Abstract
In 1956, the Internal Revenue Service created the expectation that nonprofit hospitals would offer uncompensated care for those unable to pay; this was the beginning of Community Benefit (CB). CB efforts tend to prioritize inpatient medical care over developing community-based health improvements, and few CB resources are directed toward responding to health disparities. Changes to federal policy should address these concerns by (1) requiring community partners’ involvement in CB implementation strategies, (2) requiring that community health needs assessments (CHNAs) be completed every 5 years instead of every 3 years, (3) changing the Internal Revenue Code to recognize organizations’ work on social determinants as CB, and (4) requiring CHNAs to describe a community’s health disparities and clarify how their implementation strategies address them. These changes would likely promote hospitals’ engagement with public health departments, collaboration with community-based nonprofit organizations, and greater focus on health equity.

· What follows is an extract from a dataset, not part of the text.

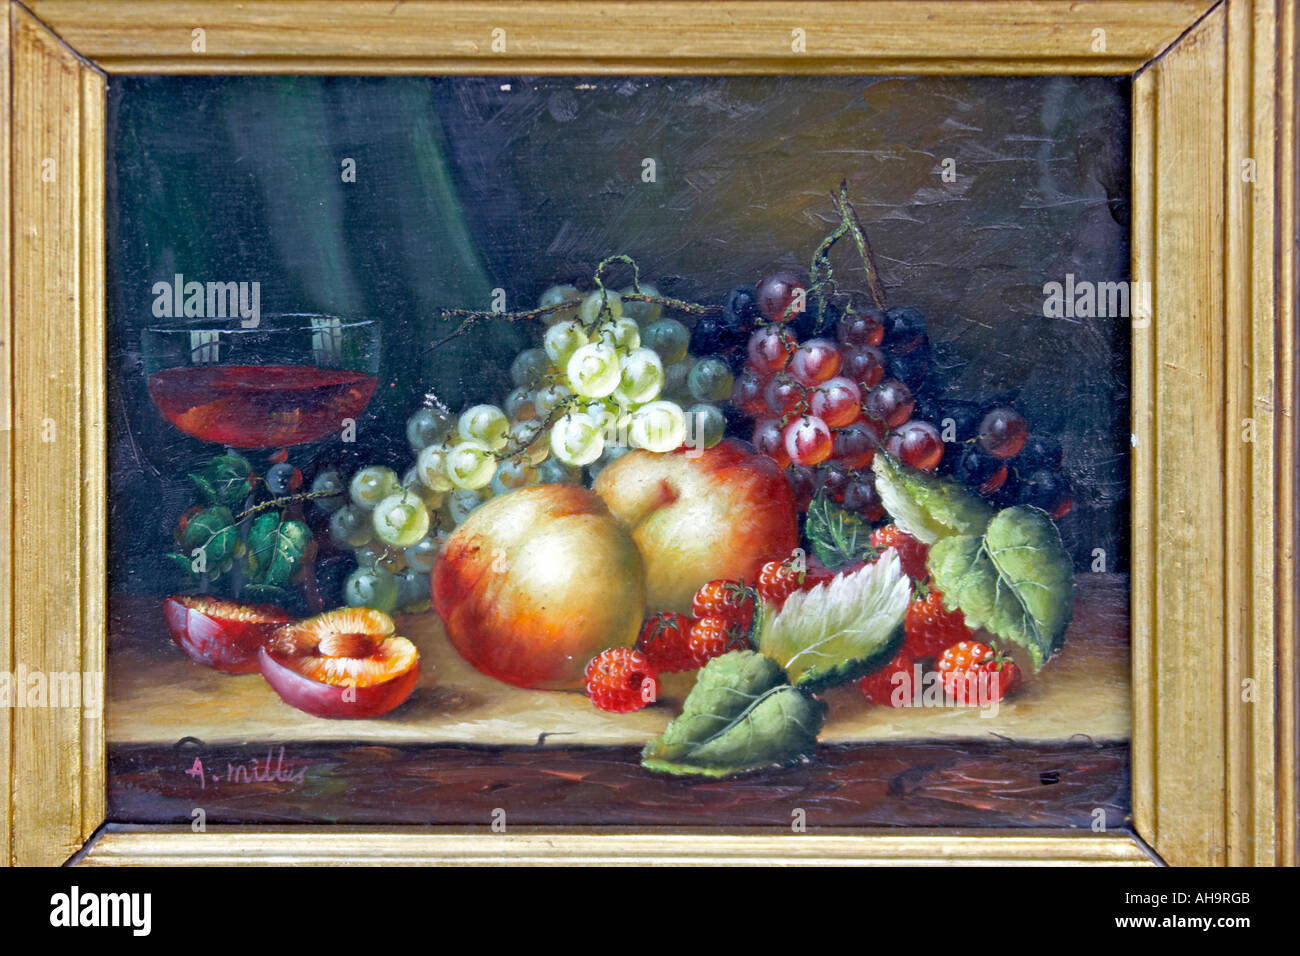 L'huile de style hollandais, peinture alimentaire de fruits avec des raisins feuilles et les pêches Banque D'Images

Purpose of Community Benefit
Just over half of all hospitals in the United States are nongovernmental, nonprofit community hospitals.1 Due to their tax-exempt status, these hospitals have long had an obligation to the communities they serve. This obligation was formalized at the federal level by the Internal Revenue Service (IRS) in 1956 and created the expectation of community benefit (CB), defined as charity care. Internal Revenue Code requires that a nonprofit hospital “must be operated to the extent of its financial ability for those not able to pay for the services rendered and not exclusively for those who are able and expected to pay.”2 The enactment of Medicare and Medicaid in 1965 generated concern that nonprofit hospitals would no longer have to provide as much charity care, prompting the IRS in 1969 to broaden CB to include the “promotion of health” as long as it was “deemed beneficial to the community as a whole.”3 Most recently, the Affordable Care Act of 2010 specified that nonprofit hospitals must conduct a community health needs assessment (CHNA) and develop an implementation strategy to respond to identified community needs every 3 years.4,5 In addition to federal regulations, some states have additional CB regulations for state and local tax exemptions, which often specify mandatory minimum CB spending thresholds.6
Limitations of CB Regulations
Despite the increased attention to CB over the past decade, current CB regulations still fall short of their potential to direct nonprofit hospitals’ activity toward improving the health of their communities. Publicly available documents, both state and federal, describe hospitals’ community needs assessments, their annual CB spending, and their financial assistance policies. The tasks associated with these documents—assessing community needs, tracking dollars spent, and being transparent about assistance—are baseline expectations. If we want to leverage CB’s true potential for improving community health, we must consider how current policy might be inadequate for doing so.7
The current focus of CB, like the focus in the overall health care system, is medical care. A 2015 report from the IRS to Congress indicated that approximately 92% of the $62.4 billion spent in 2011 on CB supported activities related to clinical care—charity care, payment shortfall from Medicaid or similar programs, and graduate medical education—as well as research.8 Slightly more than 7% was divided between community health improvement and contributions to community groups.8 There are many reasons why this distribution leans so strongly toward clinical care. Certainly, providing a health care safety net serves an important community need. Hospital experience and expertise reside in clinical care, so hospitals naturally lean toward doing what they do best. Additionally, because of the way hospital accounting systems are designed, spending in clinical areas is easier to calculate and report than spending on other community health efforts.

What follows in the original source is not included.